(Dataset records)

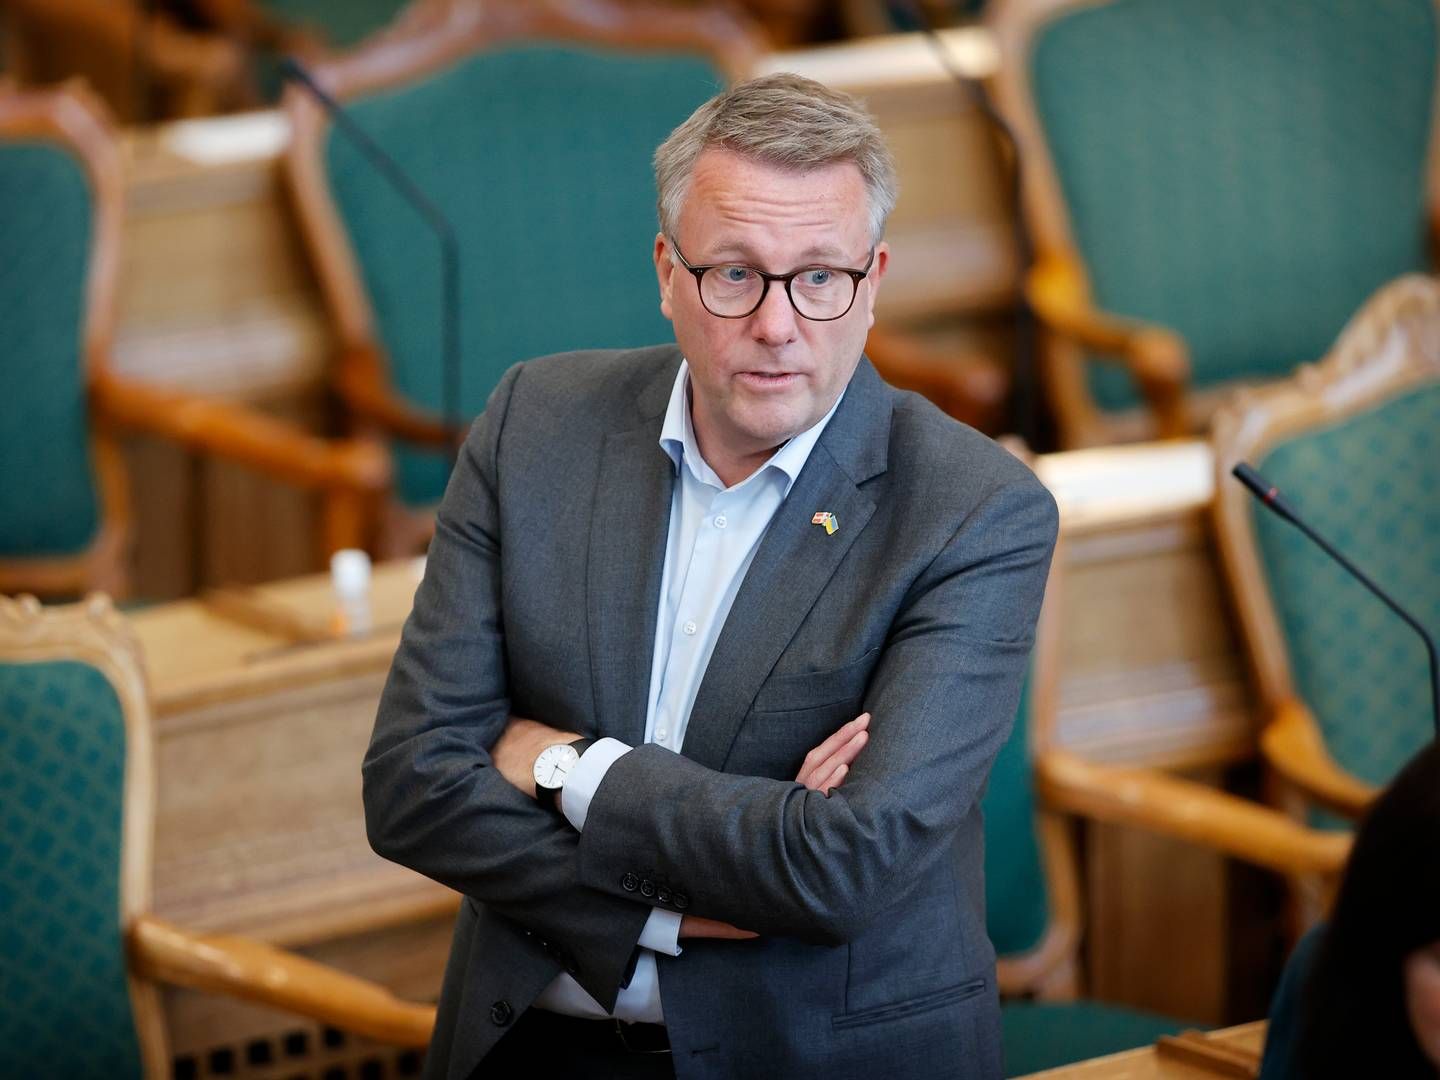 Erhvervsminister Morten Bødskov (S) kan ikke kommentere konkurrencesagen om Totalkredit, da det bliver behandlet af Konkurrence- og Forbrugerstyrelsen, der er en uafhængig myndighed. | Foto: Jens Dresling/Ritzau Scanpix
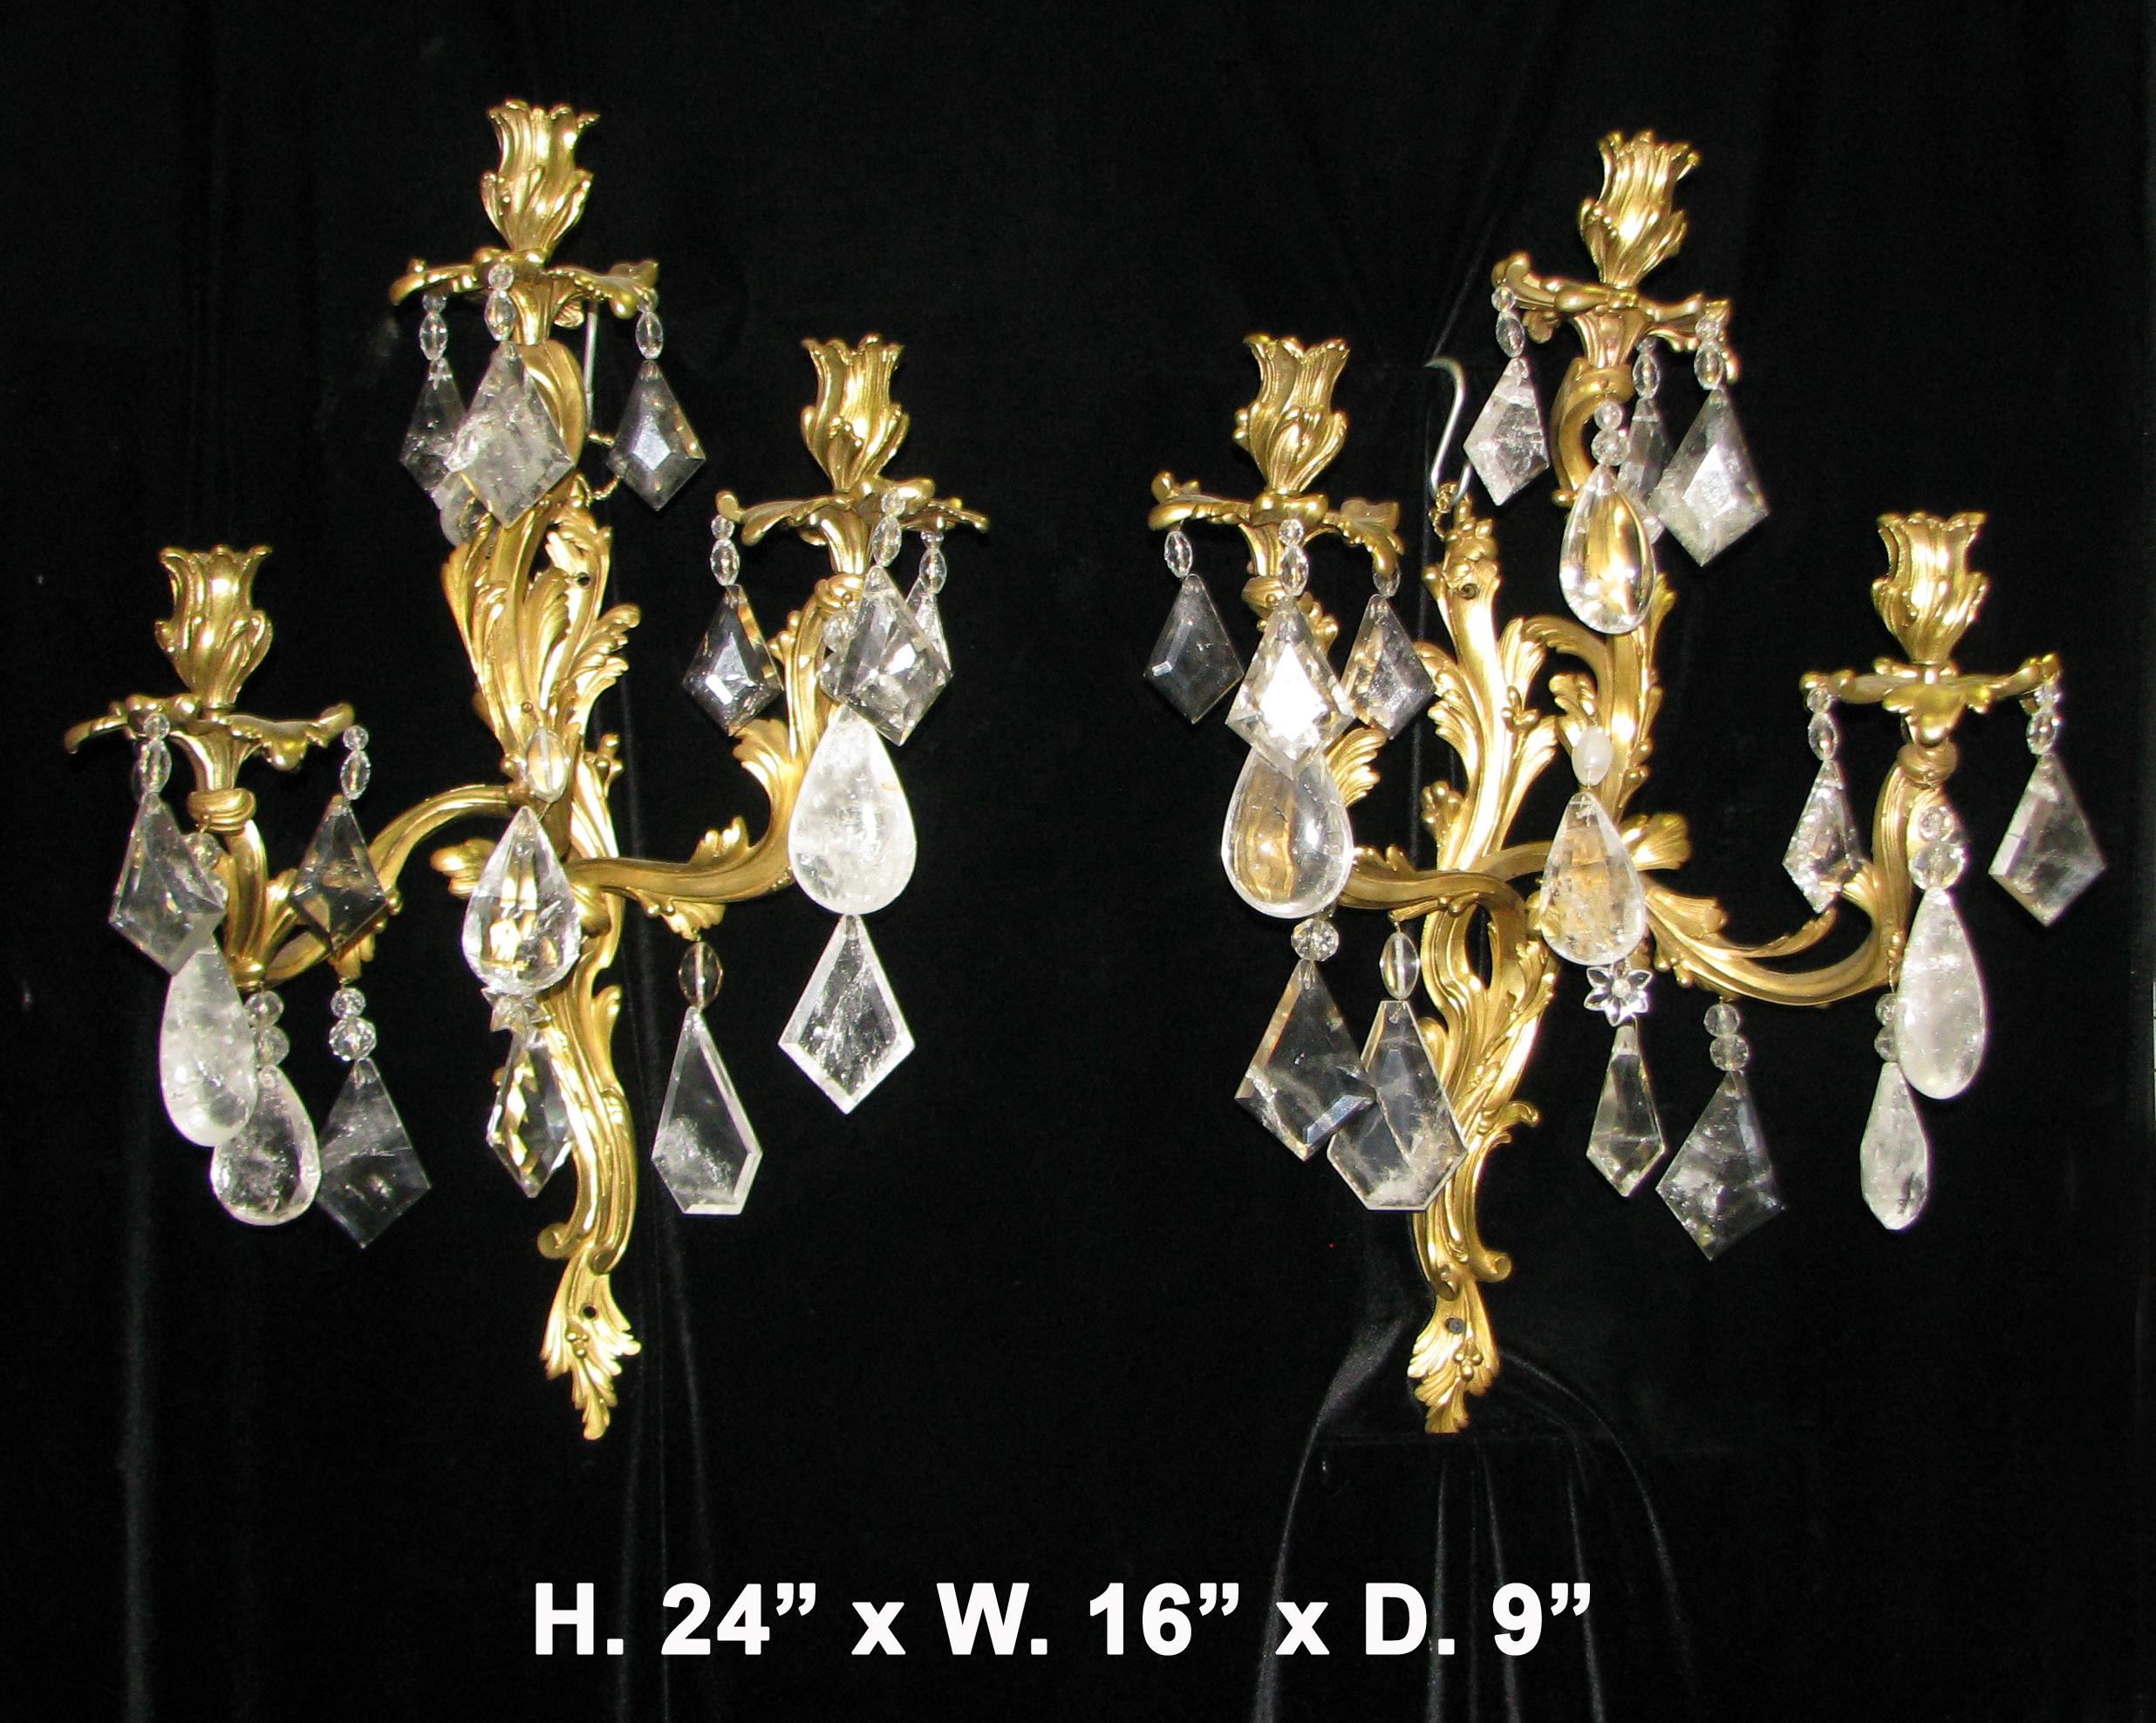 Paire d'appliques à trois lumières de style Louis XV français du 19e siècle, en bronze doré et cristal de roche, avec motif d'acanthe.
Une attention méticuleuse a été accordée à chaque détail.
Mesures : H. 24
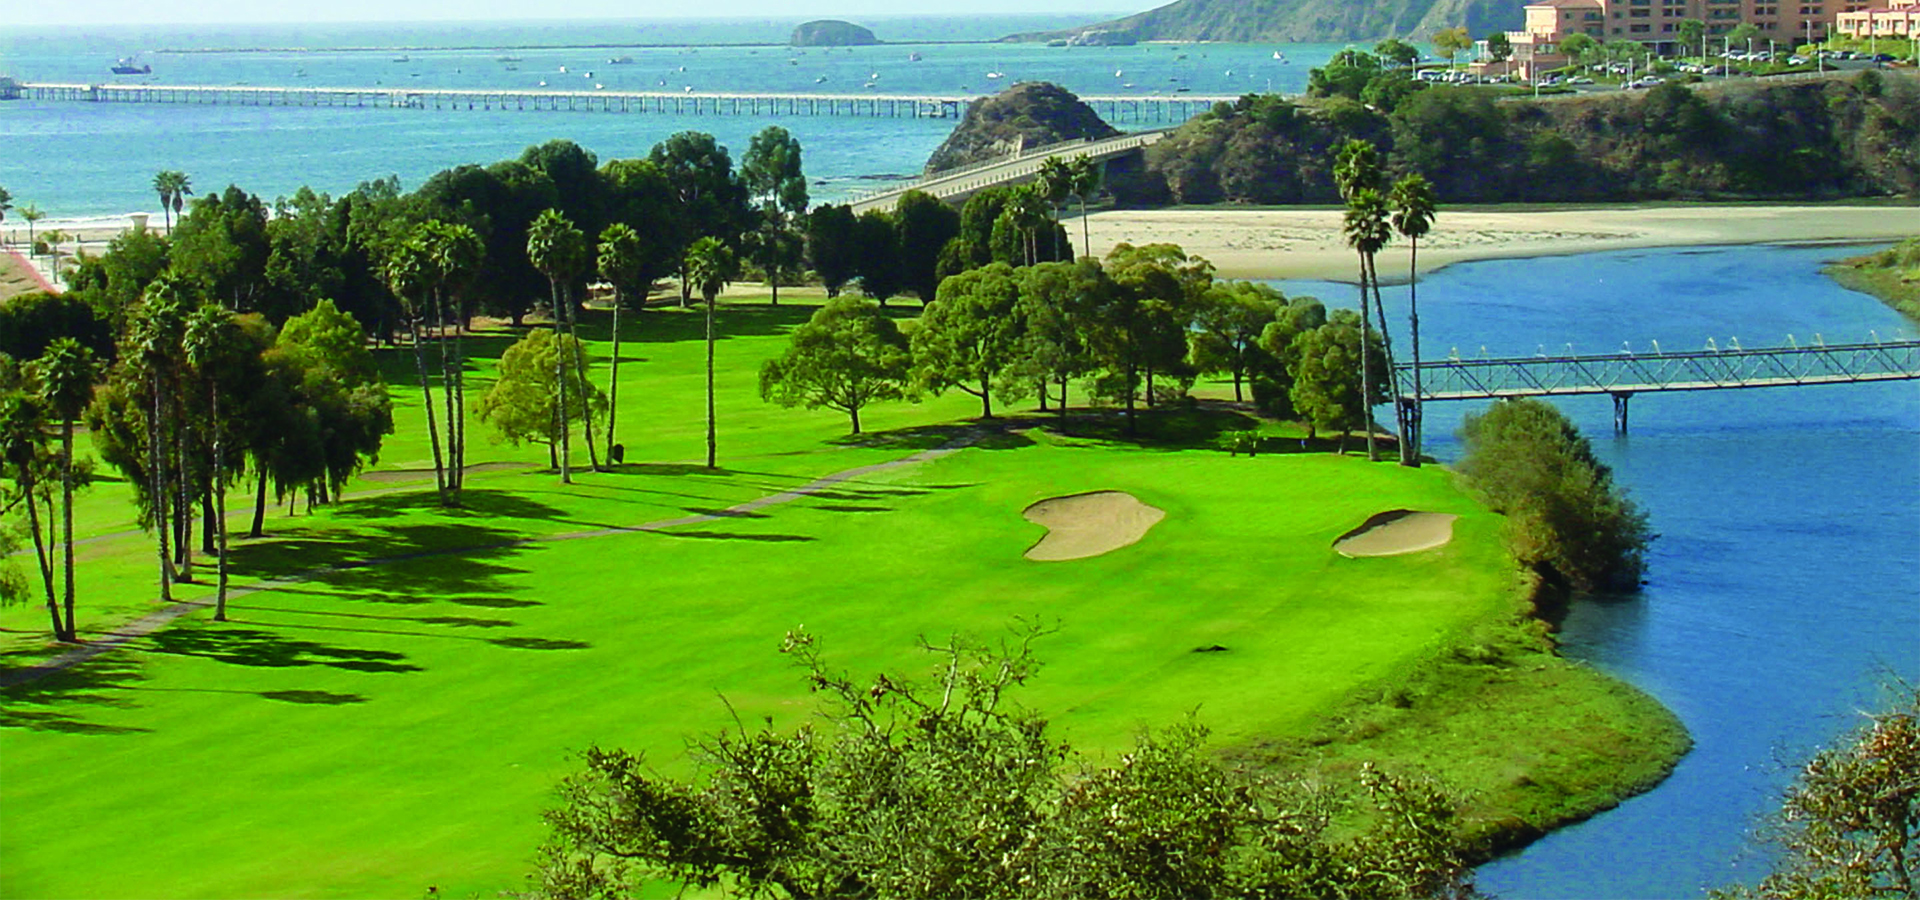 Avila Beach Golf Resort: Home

◆ AIM OF THE TASK
Please give every line above again word for word, apart from the pictures.

◆ WRITTEN RESPONSE
 Erhvervsminister Morten Bødskov (S) kan ikke kommentere konkurrencesagen om Totalkredit, da det bliver behandlet af Konkurrence- og Forbrugerstyrelsen, der er en uafhængig myndighed. | Foto: Jens Dresling/Ritzau Scanpix
 Paire d'appliques à trois lumières de style Louis XV français du 19e siècle, en bronze doré et cristal de roche, avec motif d'acanthe.
Une attention méticuleuse a été accordée à chaque détail.
Mesures : H. 24
 Avila Beach Golf Resort: Home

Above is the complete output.